An operator in Gulf of Guinea experienced dramatic production impairment due to calcium carbonate scaling. Post completion analysis revealed that the scaling magnitude was dependent upon several influences, primarily the reservoir pressure; access to mobile formation water coupled with its scaling tendency induced carbonate scales deposit. The impact of the completion brine and drilling mud and filtrate as whole losses or secondary filtrate were identified as contributors. The above study and its conclusions were reported concurrent with on-going planning for the next horizontal drill and open-hole gravel-pack completion. The water-base reservoir drilling fluid (RDF), screen running fluid (SF), completion brine, gravel pack carrier fluid, and filter-cake breaker fluid were designed with divalent calcium chloride brine. The required products for these systems were already on location and operations very close to commencing.
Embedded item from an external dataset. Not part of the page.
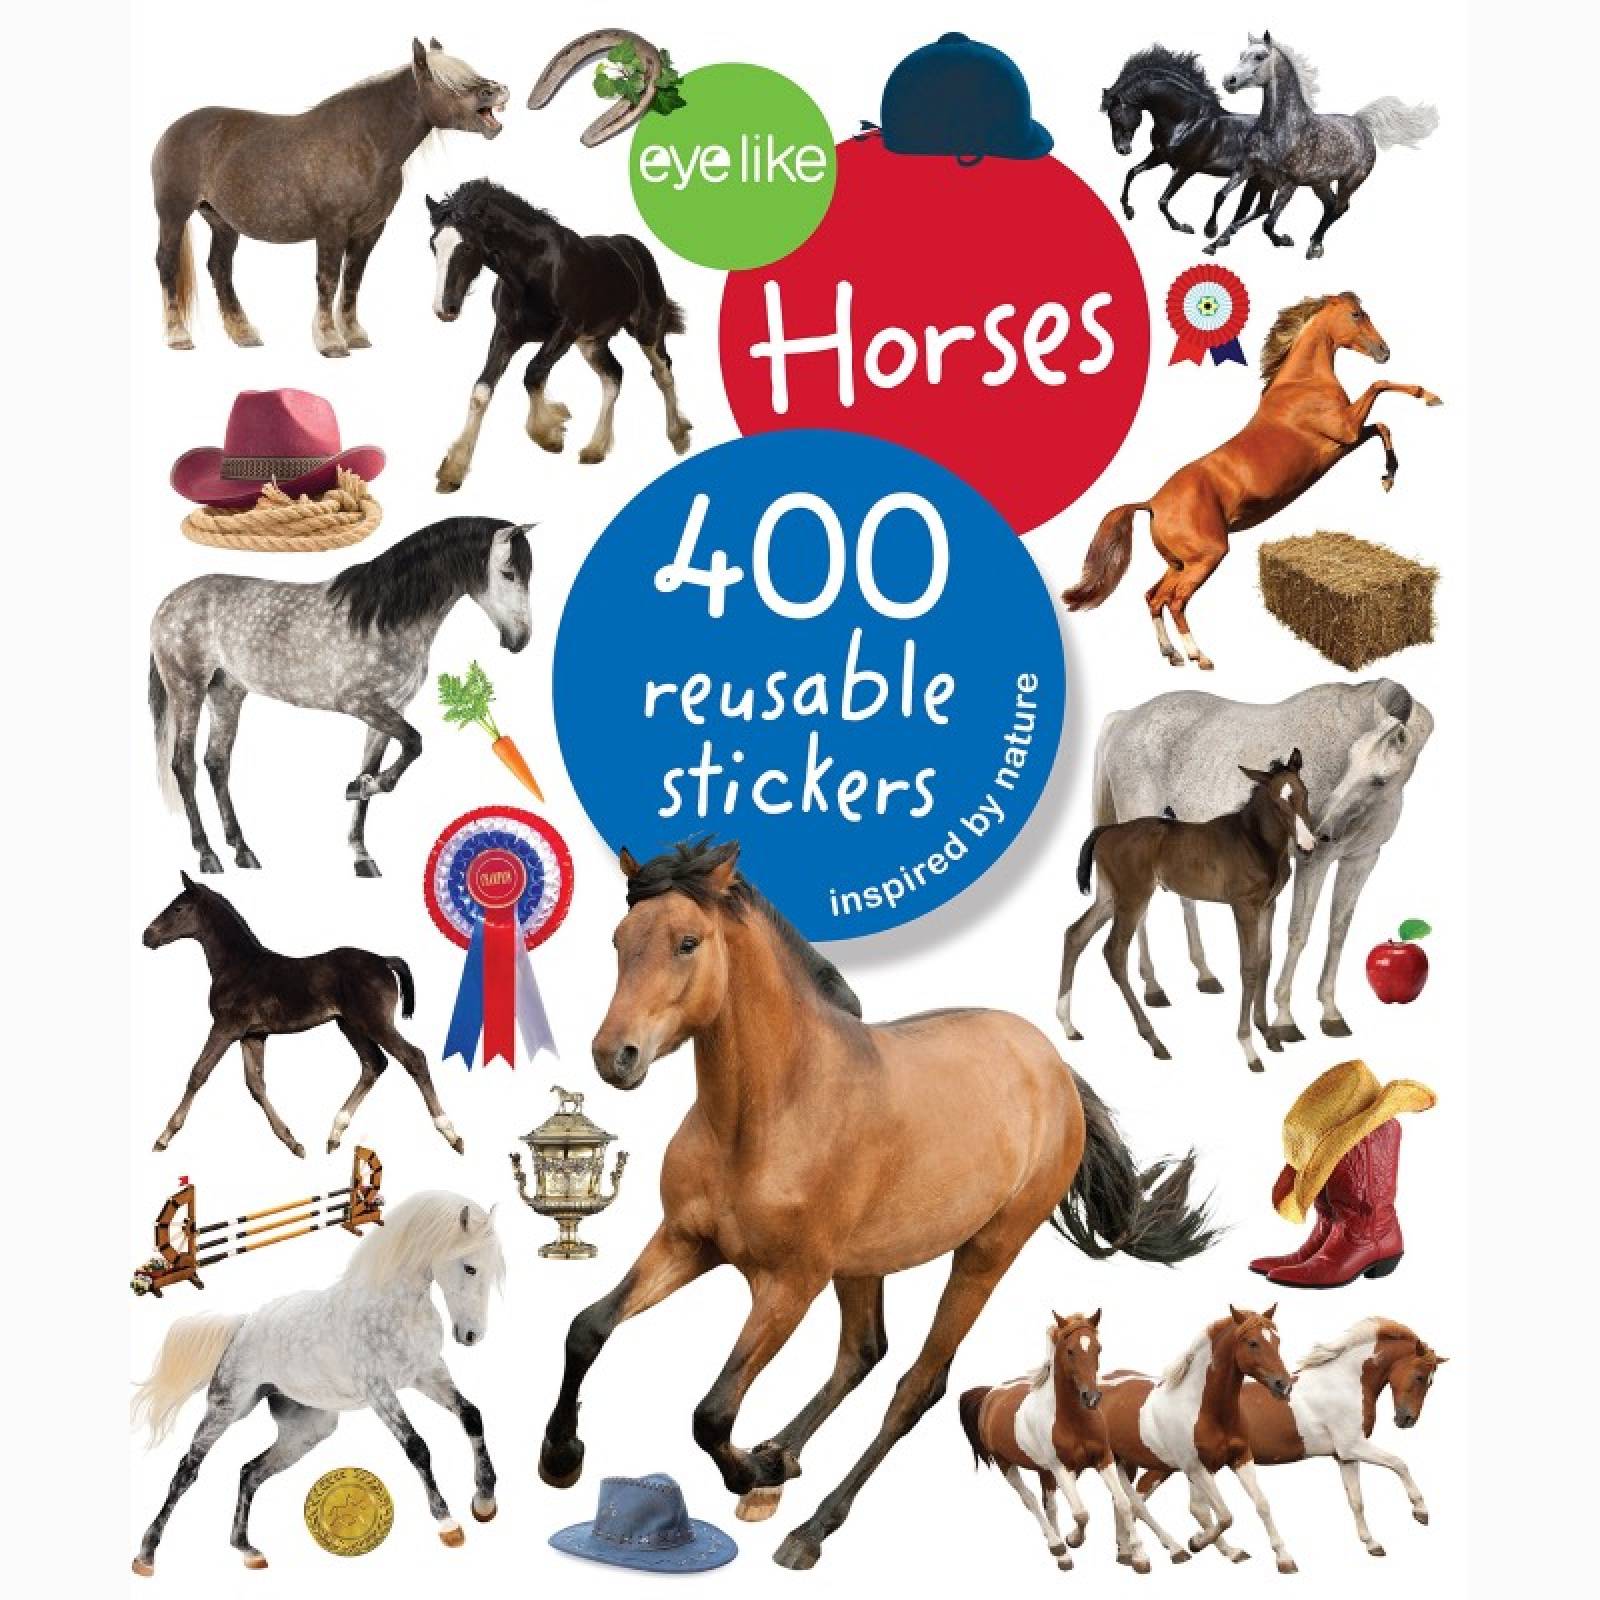 Eyelike Horses: 400 Reusable Stickers

Redesigning all these systems by replacing the divalent brine with monovalent brine would require additional resources and delay the project. However, a scale inhibitor was recommended to mitigate the initial risk of scale formation when using divalent calcium brine. Concentrations of Scale inhibitors were tested over a range of temperature from 150F to 250F, and ratios between formation water and selected fluids from 25/75 to 75/25. Testing considered adding a scale inhibitor to the RDF as well as the other required systems.
This upfront assessment indicated that the selected inhibitor prevented scaling with formation water. As such, the operator approved the use of the scale inhibitor and the well was successfully drilled and completed. Higher initial production than modeled was realized for this well compared to other wells in this field.
This paper will present the upfront testing to assess shale inhibitor efficiency, results, and the field application used to reduce the risk of formation damage during the drilling and completion phases.